International Historical Amnesia Day: A Modest Proposal



I hope here to string together a few seemingly disconnected elements and show that they are one in the same. At the end, I’d like to make a modest proposal for what I call International Historical Amnesia Day. In no particular order, these elements are:

  • In a former life, I was an American history teacher in Florida. I learned then that my students had no idea either how bad Jim Crow was or that it was functioning in their parent’s lifetimes. It is very difficult to have a discussion about racism when people forget how bad it was not so long ago. There were lynchings in this area up through the 1950s, one not so far from a house I grew up in.
  • My hometown, Jacksonville, is named after a genocidal general. Perhaps 5% of the population of the city is aware of both the Trail of Tears and Jackson’s starring role in it.
  • I was a history minor as an undergraduate. I did not know how genocidal and awful Christopher Columbus was until I prepared to teach the aforementioned American history class.
  • Is there any event as large and as intentionally forgotten as the 6/4 Tiananmen Square Massacre?
  • A few years ago, I went to Frank Dikotter’s book launch for Mao’s Great Famine. I asked several of my Chinese PhD classmates to go with me, all refused. The audience that did go was overwhelmingly white. My classmates explained, basically, that they ‘already knew’ about the Great Leap Forward and there was nothing Dikotter could surprise them with. In point of actual fact, Dikotter was revising the estimated death count of the Great Leap Forward nearly double – using CCP archives! He explained during the book launch that he was given access to archives from that time period because even cadres had forgotten that these were not ‘natural disasters’.
  • China invaded Vietnam in 1979. Nobody knows how many people died, but the Wikipedia estimate is 44,500 people – including 10,000 Vietnamese civilians. That a war happened is public knowledge in China. Why it happened, why it ended, and how many died is completely forgotten. 
  • There is the famous case of Japan’s memory of World War II, especially Nanjing and ‘comfort women’
  • To take a non-violent example, it is said that Victoria Harbor in Hong Kong was once crystal clear and lined with coral reefs visible 30m below. A century of reclamation has completely transformed it, and now almost nobody remembers what once was.

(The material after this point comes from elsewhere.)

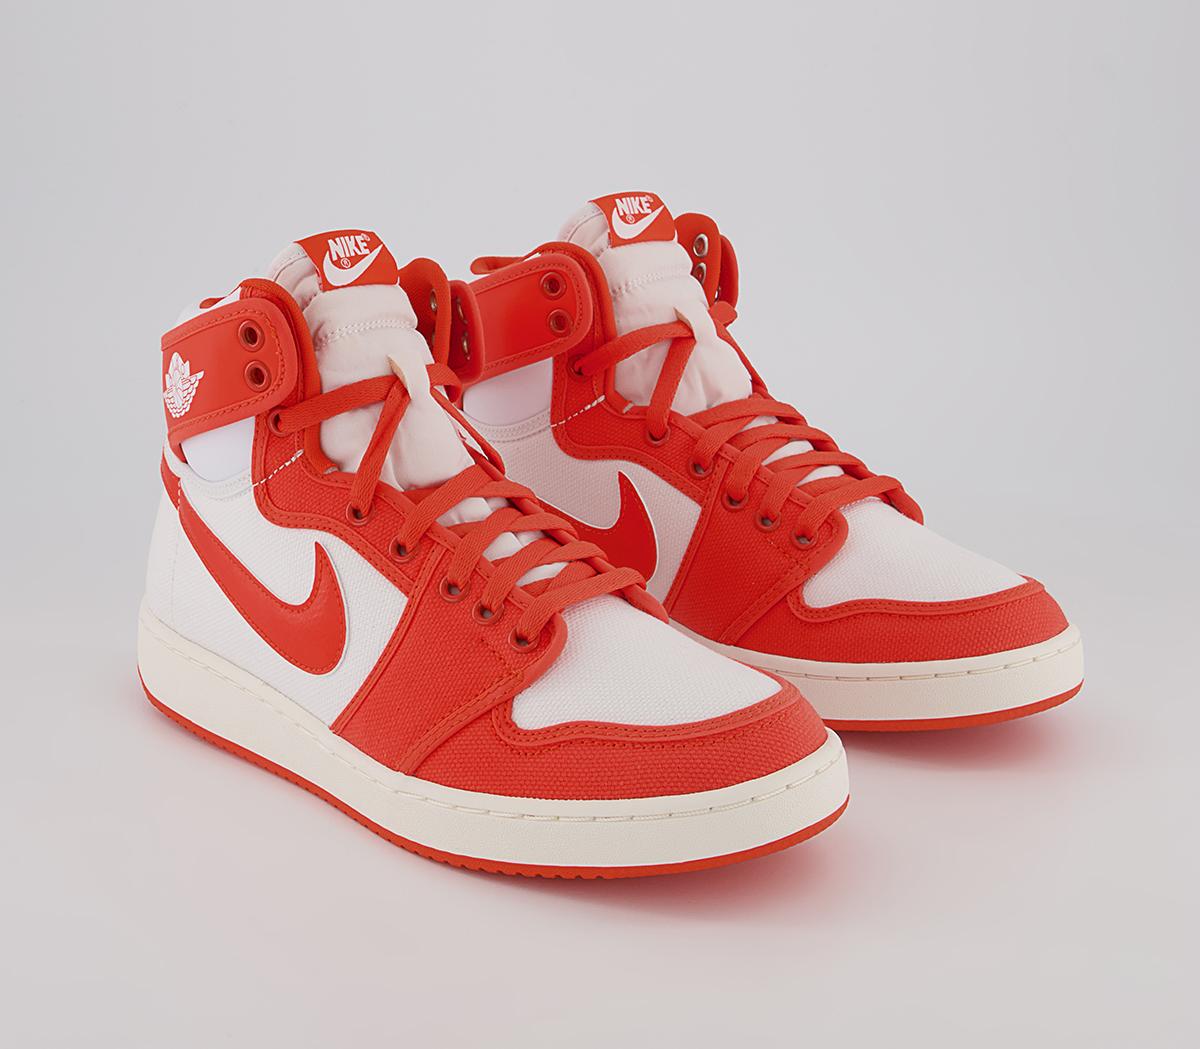 Jordan Air Jordan 1 KO High Rush Orange Whitesail - Basketball Shoes

This list could go on and on.

I started with American examples to make the point that I don’t think historical amnesia is culturally specific. I think it’s common to all cultures. Ernest Renan once wrote that, “forgetting, and I would even say historical error, are an essential factor in the creation of a nation, and so it is that progress in historical studies is often a danger to nationality.” Gellner believes this is “a fine task for historians: to be a danger to national myths.”

So I propose here International Historical Amnesia Day. I set it for June 4th, a day marking the most internationally remembered locally forgotten history. On this day, we help other people remember their histories. We try to remember it ourselves. We drag the skeletons out of the closet for this one day, look at them in awe, and then put them back in the closet. It might be molded in the image of Mexico’s Day of the Dead – where we remember events and things, rather than ancestors.

More specifically, let us keep having these Tiananmen vigils and remembrances. But perhaps we can try to remember more than just that day, and that cause, for just one country. And perhaps we can even make contests of it, praising whoever can find the most historically significant but forgotten events.